Гонорар Ваш повышен, как Вы хотели, но размер не может быть таков, каков Вам представляется, а меньше. Поездка по Волге не состоялась вследствие болезни Феди. Сейчас мы благополучны.
Ваш С.Б.
381. Е.Н.Трубецкой — М.К.Морозовой[1171]
<12.06.1912. Бегичево — Москва>Милая, дорогая, бесценная,
Вот, наконец, опять письмо моей ненаглядной Гармоси, такое нежное, милое, хорошее, какое бывает только после грозы. Ты справшиваешь, сержусь ли я и понимаю ли. Ангел мой, как теперь сердиться, когда я весь насквозь обласкан, и как не понять. Ведь и я все то же испытываю, тоску по тебе и жажду тебя видеть и поскорее хорошо, до дна переговорить перелить все, что накопилось в твою душу! Что делает расстояние! Теперь, размышляя спокойно, и я скажу, что, если бы выслушал от тебя с глазу на глаз еще и втрое сильнее против написанного в письме, то не рассердился бы.

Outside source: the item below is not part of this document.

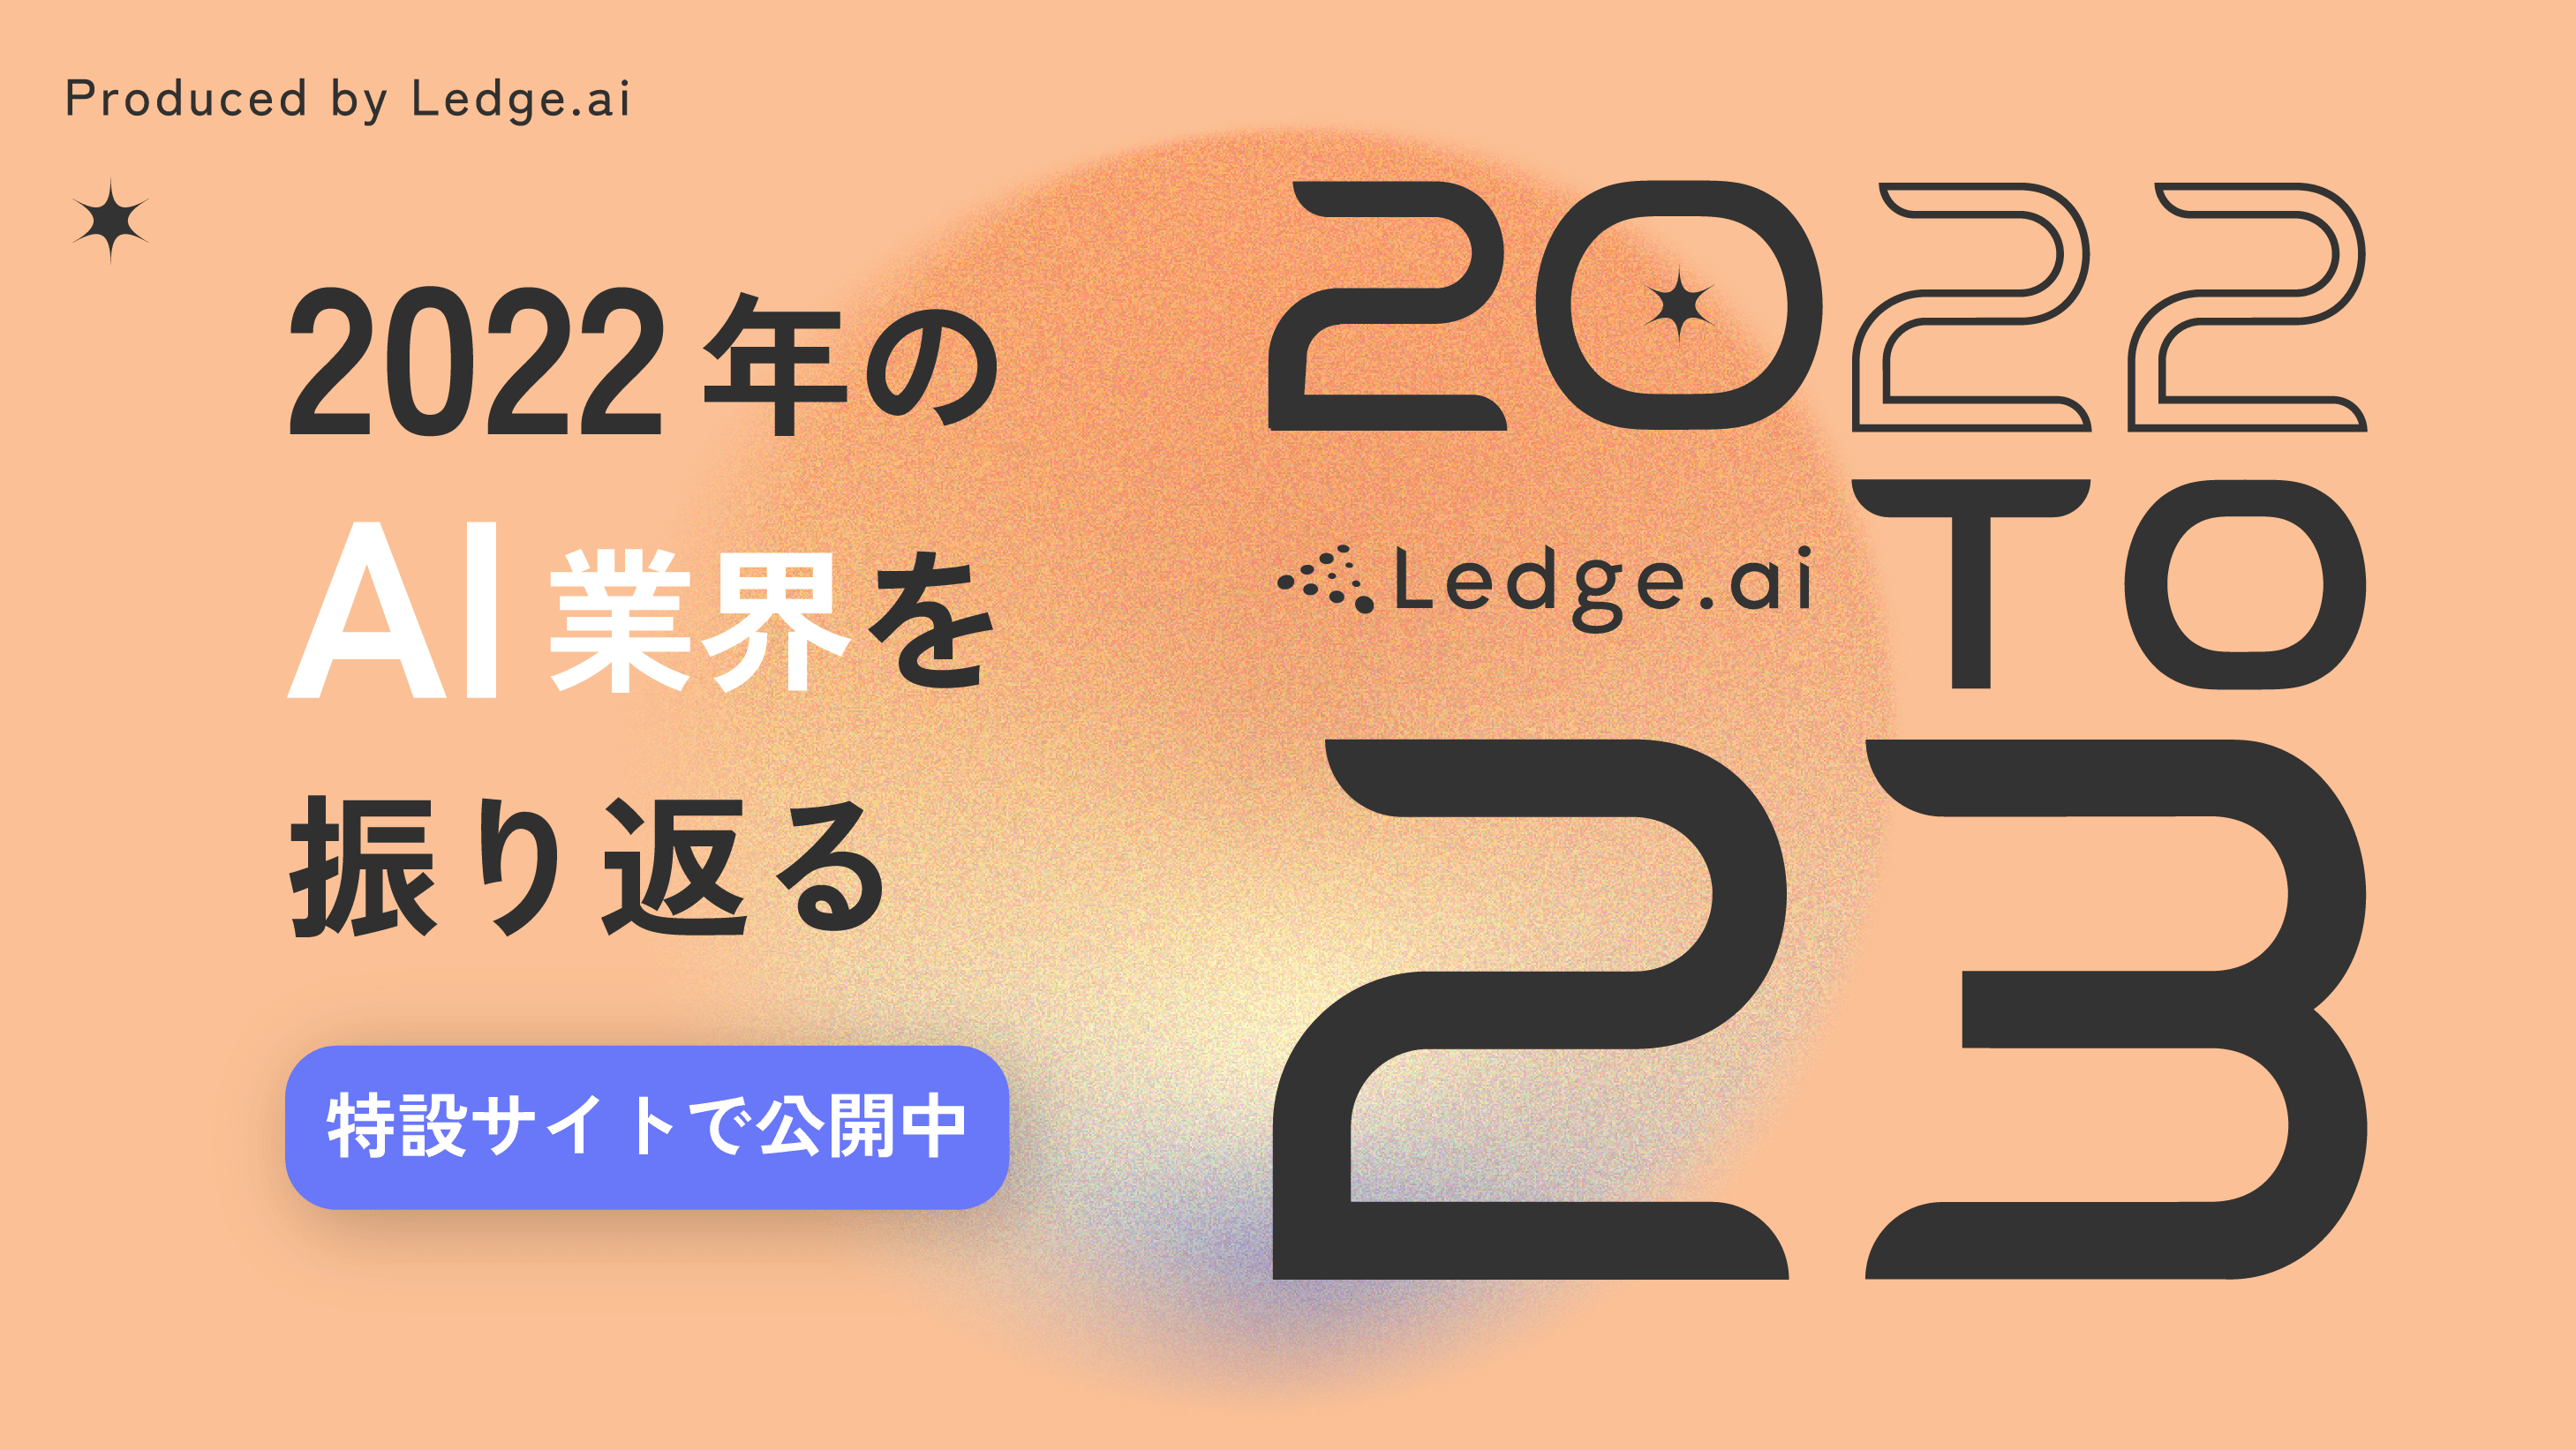 【延長公開】2022年のAI関連ニュースなどをまとめた特設サイト「Ledge.ai 22to23」のサムネイル画像
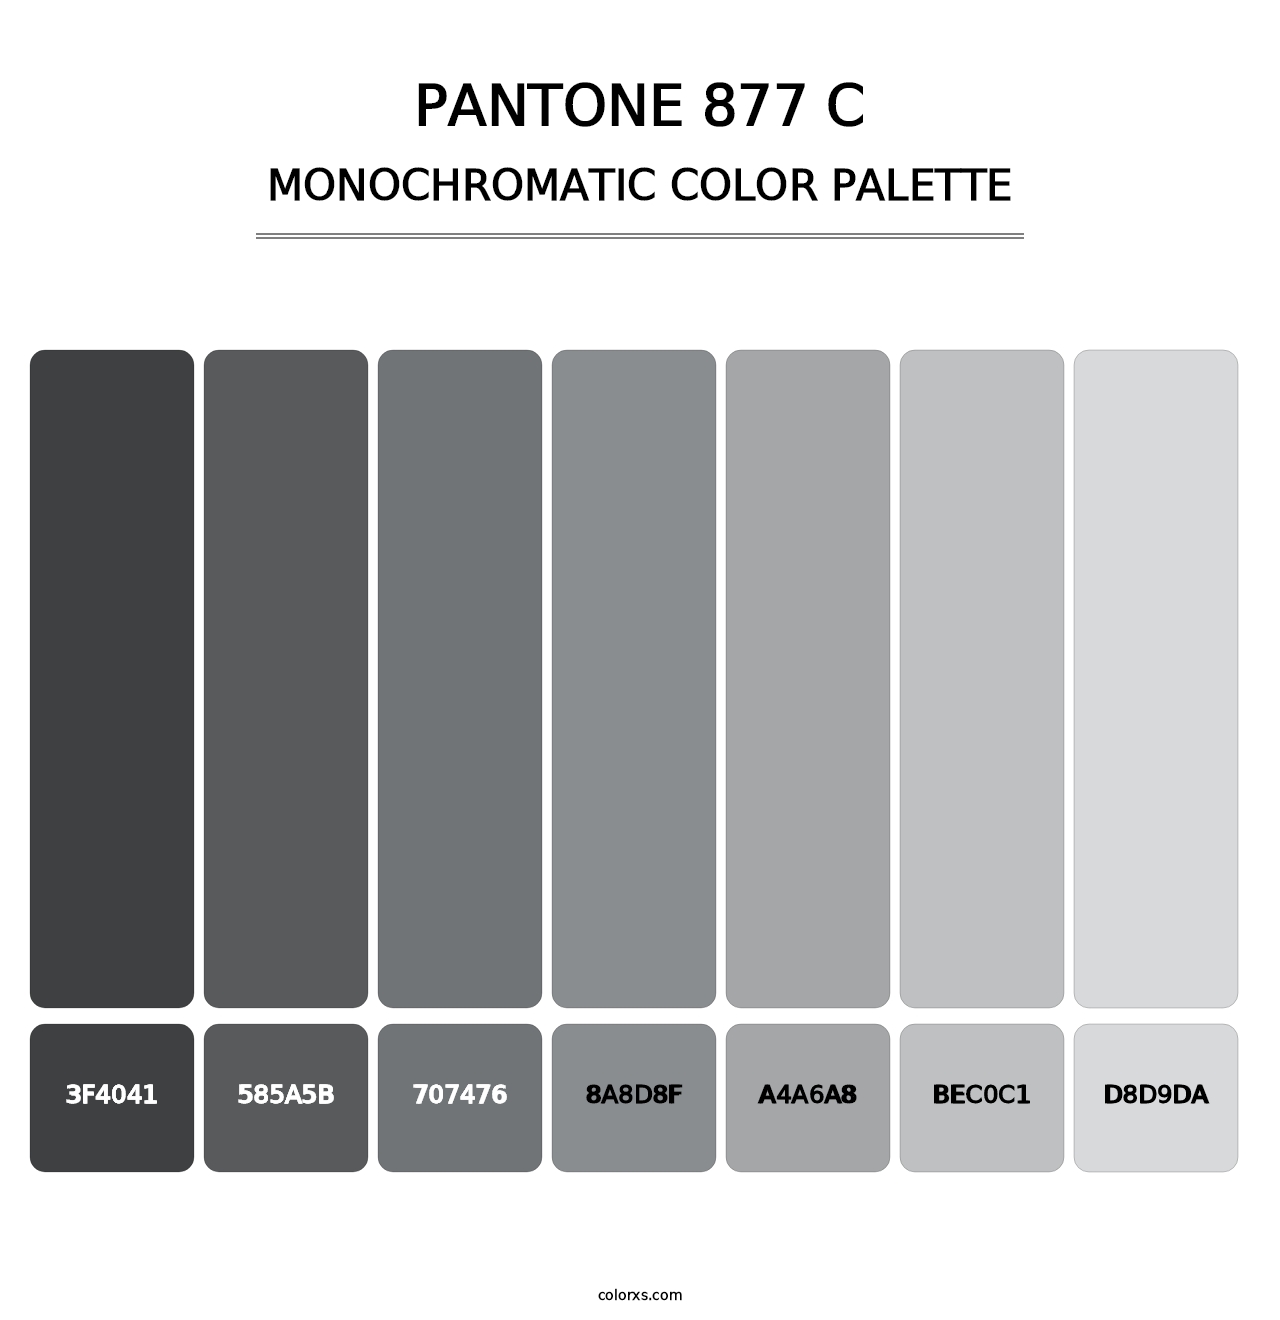 PANTONE 877 C - Monochromatic Color Palette

Но то, что в разговоре вдвоем выходит горячо и бурно, то же самое как-то ужасно холодно звучит в письме. Совершенно понимаю и то, что у тебя в душе закрадывается недоверие. При такой долгой разлуке это иначе и не может быть. Всякие письма, слова, "отвлеченное общение", как ты говоришь, ужасно холодно. Когда я тебя долго не вижу, и у меня часто закрадывается мучительное к тебе недоверие и кажется, что я совсем тебе чужд. А потом, когда тебя увижу, и почувствуювблизи, все это разом улетучивается. И как бы хотелось сократить время этой разлуки!
Вот ты пишешь, что от меня зависит быть счастливым человеком на свете! Родная моя, если бы знала, как это мало от меня зависит. Собраться и приехать к тебе, как это кажется просто — и как это на деле трудно. Вот я теперь опять стал ходить на свое ржаное поле и вижу там удивительно странные вещи: поле стало приподниматься[1172]
. Колоски разбитые, надломленные в нескольких местах, все-таки живут, поворачиваются к солнцу, цветут. Иной держится на ниточке, а живет, но боишься тронуть, — а то ниточка того гляди оборвется.